Word for word, give again the lines of the material below, from the one holding "Lampshade Table Lamp" to the last, with nothing added.

----

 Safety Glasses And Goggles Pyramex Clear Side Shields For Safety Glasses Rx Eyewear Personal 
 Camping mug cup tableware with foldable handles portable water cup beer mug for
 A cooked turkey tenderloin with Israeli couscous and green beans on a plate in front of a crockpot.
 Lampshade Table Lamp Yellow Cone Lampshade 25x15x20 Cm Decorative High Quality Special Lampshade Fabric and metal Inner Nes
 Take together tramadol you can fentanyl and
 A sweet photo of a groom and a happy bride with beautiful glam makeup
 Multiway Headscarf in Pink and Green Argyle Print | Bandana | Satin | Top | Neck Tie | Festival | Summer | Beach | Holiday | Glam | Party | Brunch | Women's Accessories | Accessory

----

• Final answer
 Lampshade Table Lamp Yellow Cone Lampshade 25x15x20 Cm Decorative High Quality Special Lampshade Fabric and metal Inner Nes
 Take together tramadol you can fentanyl and
 A sweet photo of a groom and a happy bride with beautiful glam makeup
 Multiway Headscarf in Pink and Green Argyle Print | Bandana | Satin | Top | Neck Tie | Festival | Summer | Beach | Holiday | Glam | Party | Brunch | Women's Accessories | Accessory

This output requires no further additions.